I stared at the dark screen, the "King of the Quad" feeling remarkably small. I stood up, the bourbon suddenly tasting like chemical waste, and grabbed my keys. I needed to move. I needed to get out of this apartment that suddenly felt like a museum dedicated to a life I didn't even want.

​I headed down to the parking garage and climbed into my truck. The heavy engine roared to life, a low-frequency vibration that usually calmed me down, but tonight it felt like static. As I tossed my phone onto the passenger seat, I saw it.

​Tucked into the shadows of the floorboard, half-hidden by the leather seat, was a thick, leather-bound Law textbook. Property Law: Cases and Commentary. On the inside cover, in neat, minimalist handwriting, was a single name: Maya.

​I picked it up. It was heavy, the edges slightly worn from use. It didn't smell like the expensive, floral perfumes the girls at the clubs wore; it smelled like old paper, ink, and caffeine.

​I knew I should just throw it in the storage compartment and go to the gym. But as I looked at her name—so simple and unpretentious—I realized I wanted to see the world of a girl who could dismantle me. I wanted to see the "reality" she talked about, the one that supposedly made my life look like a performance.

​I backed out of the space and turned the wheel away from the university district.
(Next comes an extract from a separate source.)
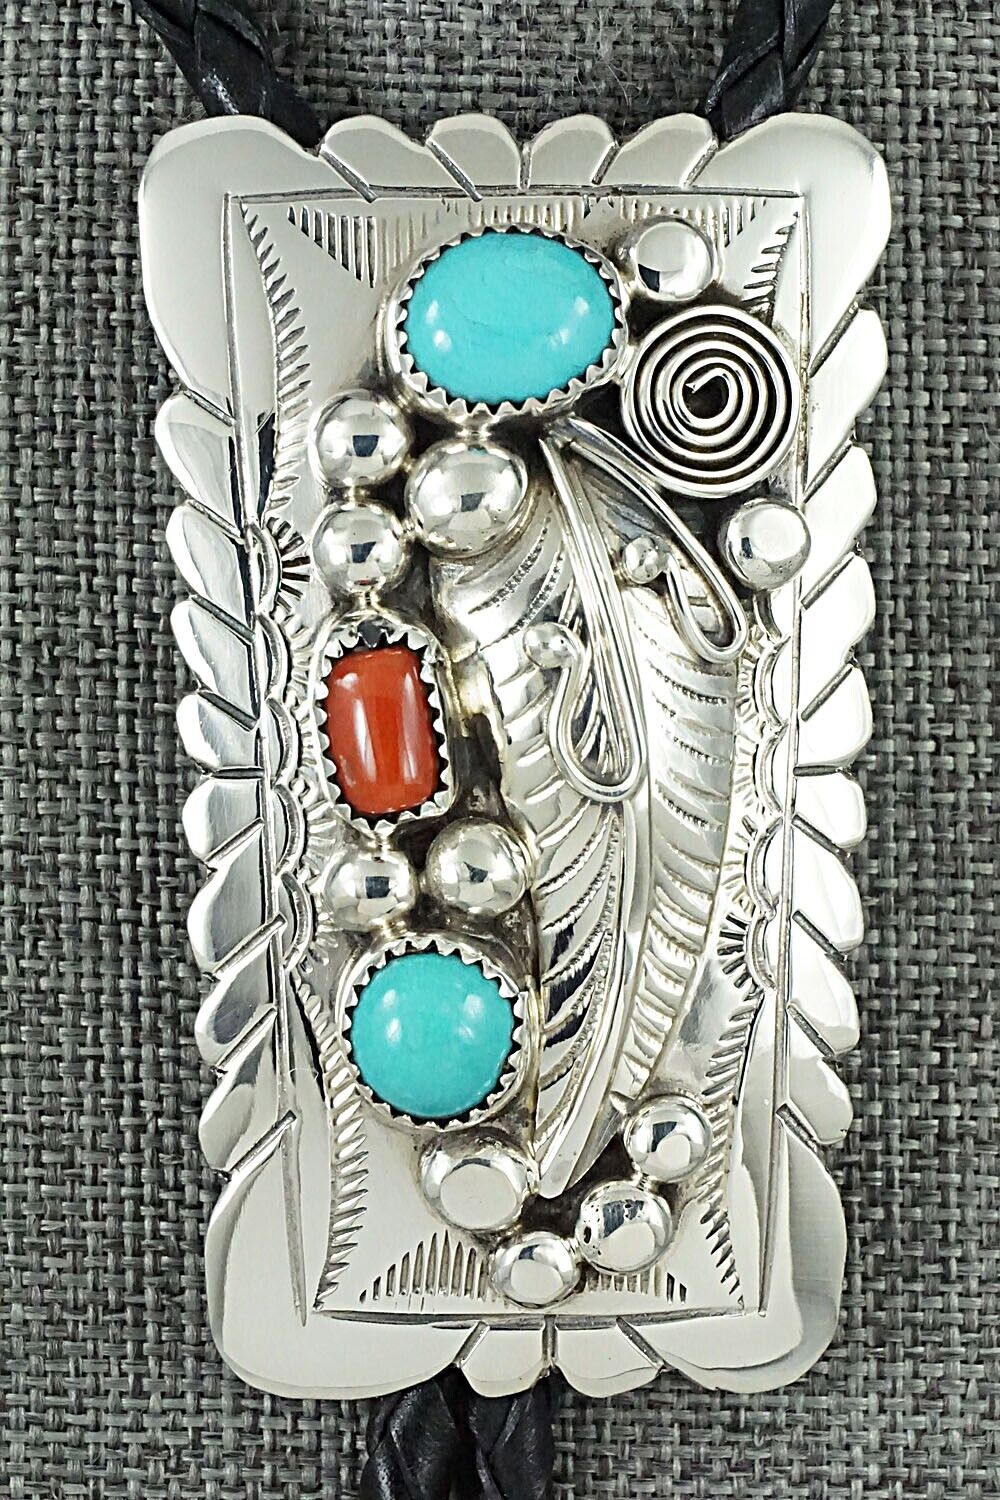 Turquoise, Coral & Sterling Silver Bolo Tie - Wilbur Myers
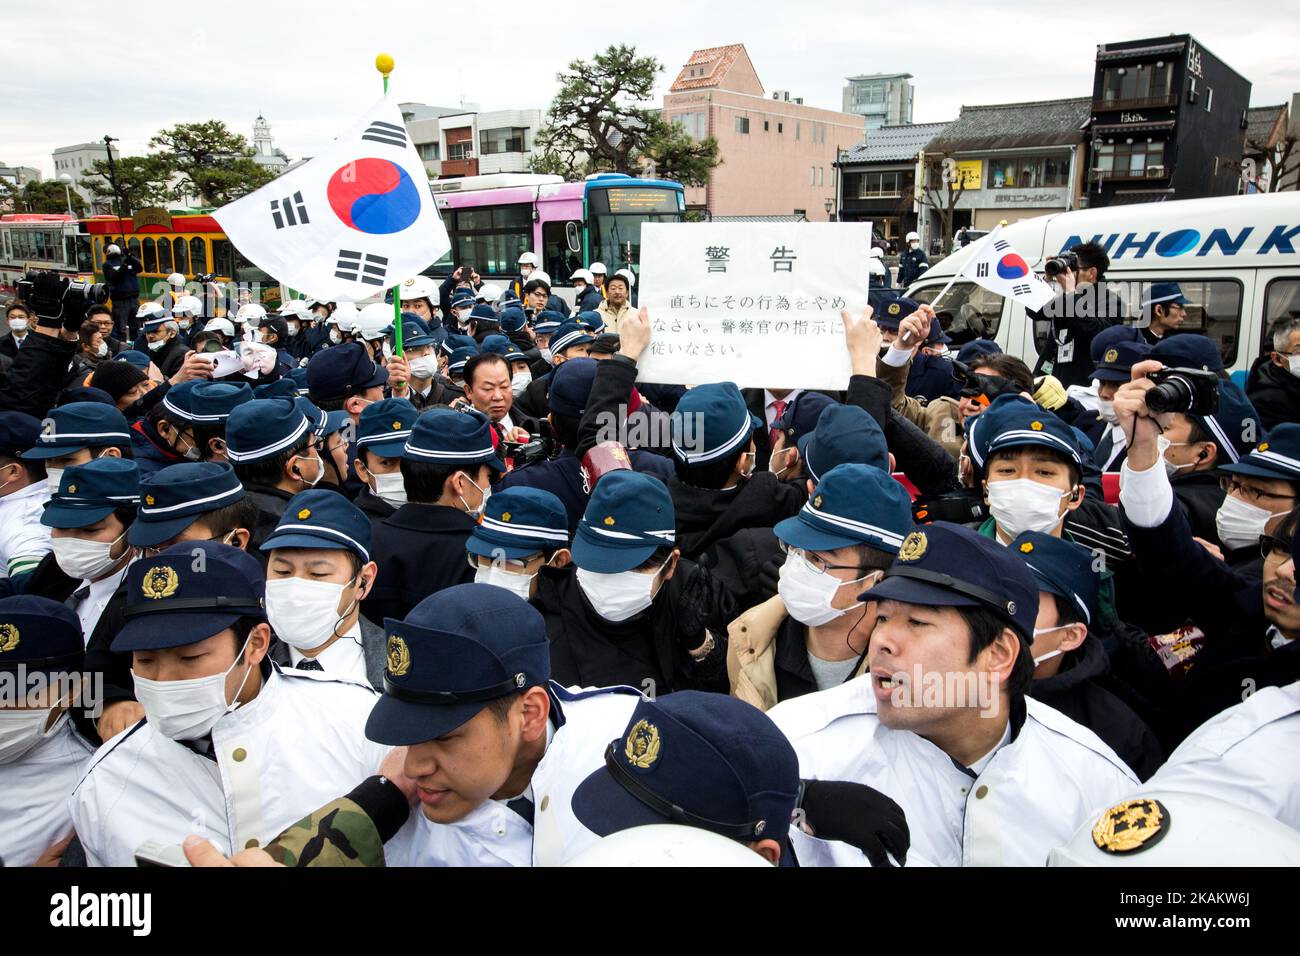 Korean nationalist clash with Japanese nationalists prior to the ceremony of Takeshima Day, a small disputed island controlled by South Korea which it calls Dokdo and Japan calls Takeshima, in Matsue in Shimane Prefecture, western Japan on Feb. 22, 2017. Japan urged South Korea to return disputed islets, The sovereignty issue over the islands has been the subject of a long territorial dispute between South Korean and Japan. (Photo by Richard Atrero de Guzman/NurPhoto) *** Please Use Credit from Credit Field *** Stock Photo

​The drive to the outskirts of the city was a slow descent from the artificial perfection I was used to. The further I got from The Quad, the more the world started to look... lived-in. The houses here were high-middle-class—sturdy, double-story homes with limestone accents and perfectly trimmed hedges that spoke of owners who valued privacy and long-term stability.

The Heights was a neighborhood of old trees, wide driveways, and quiet, expensive architectural choices. These weren't the "new money" mansions of my mother's circle. There were no security guards at a gate, but the street was lined with high-end SUVs and the kind of silence that only comes from a zip code where everyone has a professional degree.

​I pulled up to the address I had dropped her off at last night. It was a colonial-style house with a deep-set porch and a solid red door that looked like it had been freshly painted. There was a sense of order here that felt different from my mother's estate; it wasn't intimidating, but it was unmistakably "solid."

​I checked my reflection in the rearview mirror and straightened the collar of my jacket. I stepped out, the textbook heavy in my hand, and walked up the paved stone path. My heart was thumping in a way it never did during a Lacrosse match.

​I knocked.

​I expected Maya to answer with a look of bored irritation.

Instead, the door swung open to reveal a woman who looked exactly like a softer, warmer version of the girl I was trying to break. She had the same sharp eyes, but they were filled with a kind of genuine light that made me feel like I was trespassing. She was wearing an apron and had a smudge of flour on her cheek.

​"Oh! Hello," she said, her voice bright and welcoming. "Can I help you?"